ARTIFACT_DIR = ensure_dir(ROOT / "artifacts")


In [None]:
train_raw, test_raw = load_train_test(DATA_DIR)
bundle = prepare_datasets(train_raw, test_raw, drop_identifiers=True)

print("train_raw:", train_raw.shape)
print("test_raw :", test_raw.shape)
print("X_train  :", bundle.X_train.shape)
print("X_test   :", bundle.X_test.shape)
print("n_features:", len(bundle.feature_cols))
print("n_cat    :", len(bundle.cat_cols))


In [None]:
# Sanity: target consistency + schema mismatch
assert TARGET_SEV_COL in train_raw.columns, "Missing montant_sinistre in train"
assert TARGET_FREQ_COL in train_raw.columns, "Missing nombre_sinistres in train"

mismatch = sorted(set(bundle.X_train.columns) ^ set(bundle.X_test.columns))
print("Schema mismatch columns:", len(mismatch))
if mismatch:
    print(mismatch[:20])

target_inconsistency = (
    ((train_raw[TARGET_FREQ_COL] == 0) & (train_raw[TARGET_SEV_COL] > 0)).sum()
    + ((train_raw[TARGET_FREQ_COL] > 0) & (train_raw[TARGET_SEV_COL] == 0)).sum()
)
print("Target inconsistency rows:", int(target_inconsistency))


In [None]:
# Distribution cible
y_freq = bundle.y_freq
y_sev = bundle.y_sev
pos = y_freq == 1

print("Claim rate:", round(float(y_freq.mean()), 6), f"({int(pos.sum())}/{len(y_freq)})")
print("Severity mean (all):", round(float(y_sev.mean()), 3))
print("Severity mean (pos):", round(float(y_sev[pos].mean()), 3))
print("Severity max:", round(float(y_sev.max()), 3))
for q in [0.5, 0.75, 0.9, 0.95, 0.99]:
    print(f"sev_pos_q{int(q*100):02d}:", round(float(np.quantile(y_sev[pos], q)), 3))


In [None]:
# Missingness + shift principal sur code_postal
missing_top = bundle.X_train.isna().mean().sort_values(ascending=False).head(15)
print("Top missing rates")
display(missing_top.to_frame("missing_rate"))

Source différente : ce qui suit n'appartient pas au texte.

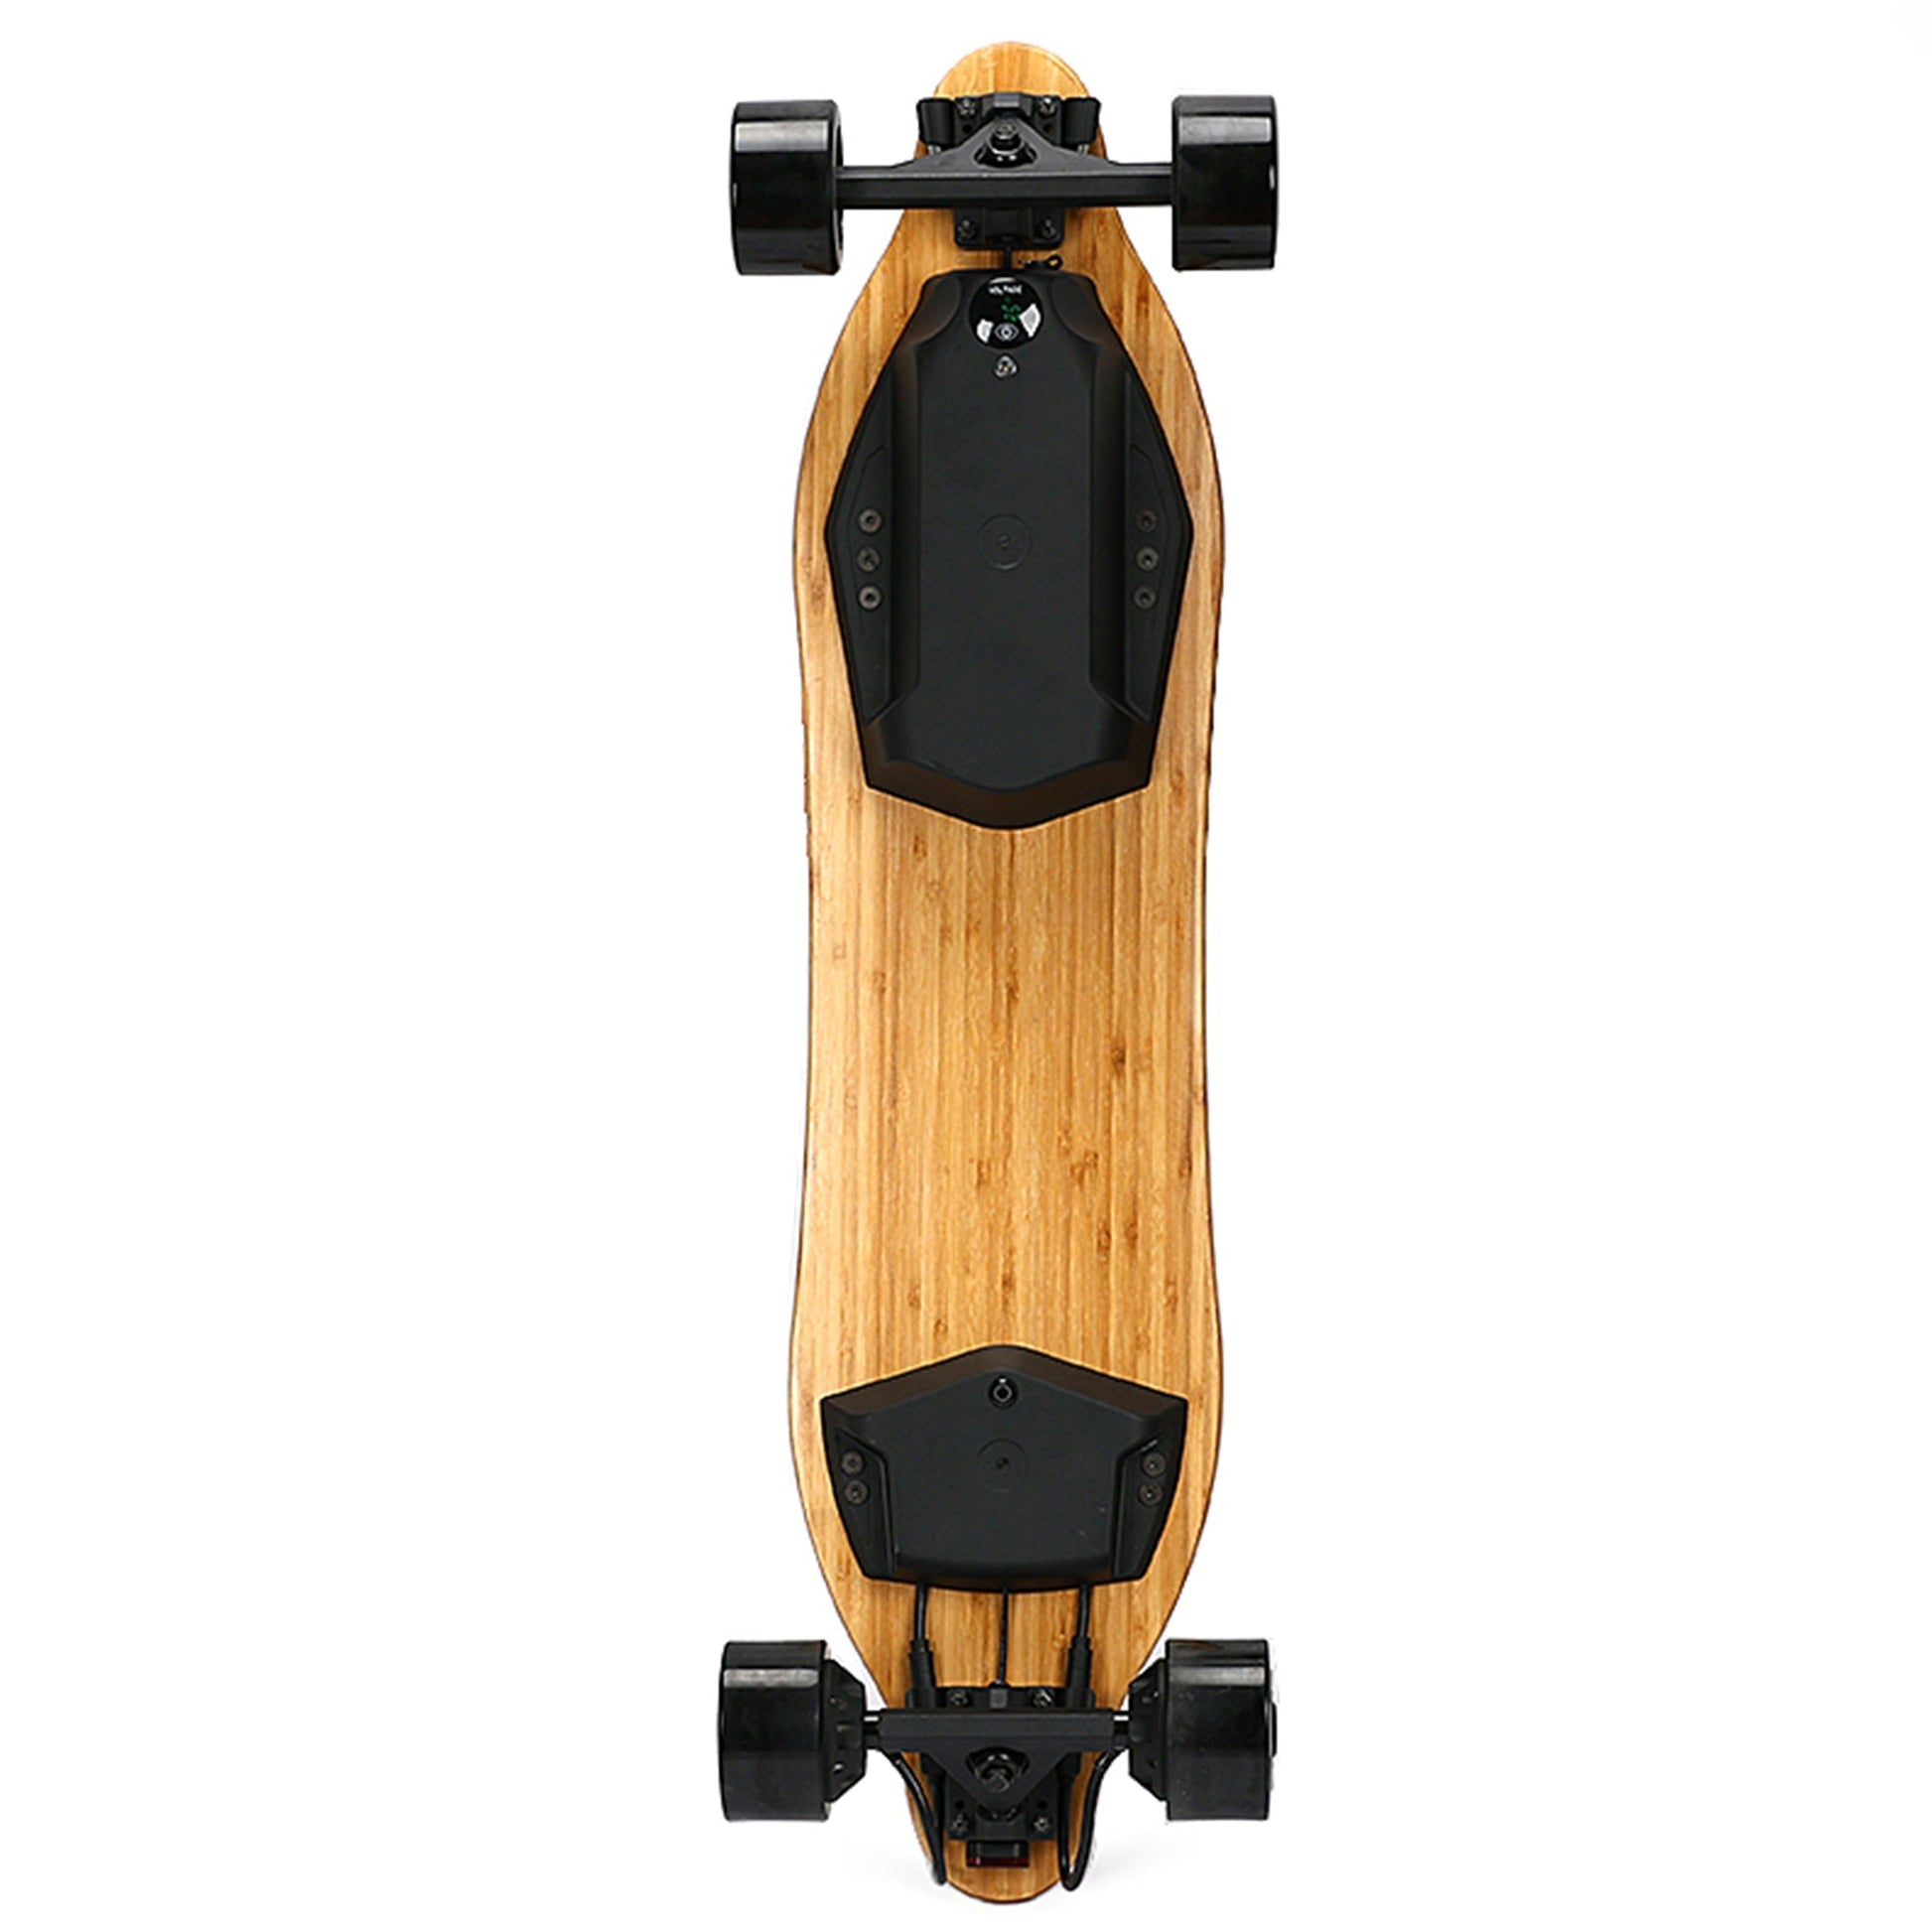 Motors electric skateboard learn to use in five minutes daily transportation electric longboard for adults

if "code_postal" in bundle.X_train.columns:
    tr_cp = bundle.X_train["code_postal"].astype(str)
    te_cp = bundle.X_test["code_postal"].astype(str)
    unseen_cp = (~te_cp.isin(set(tr_cp))).mean()
    print("Unseen code_postal ratio in test:", round(float(unseen_cp), 4))

if {"cp2", "cp3"}.issubset(bundle.X_train.columns):
    for c in ["cp2", "cp3"]:
        tr = bundle.X_train[c].astype(str)
        te = bundle.X_test[c].astype(str)
        unseen = (~te.isin(set(tr))).mean()
        print(f"Unseen {c} ratio in test:", round(float(unseen), 4))


In [None]:
# Folds primaires + secondaires
folds_primary = build_primary_time_folds(train_raw, n_blocks=5, index_col=INDEX_COL)
folds_secondary = build_secondary_group_folds(train_raw, n_splits=5, group_col="id_client")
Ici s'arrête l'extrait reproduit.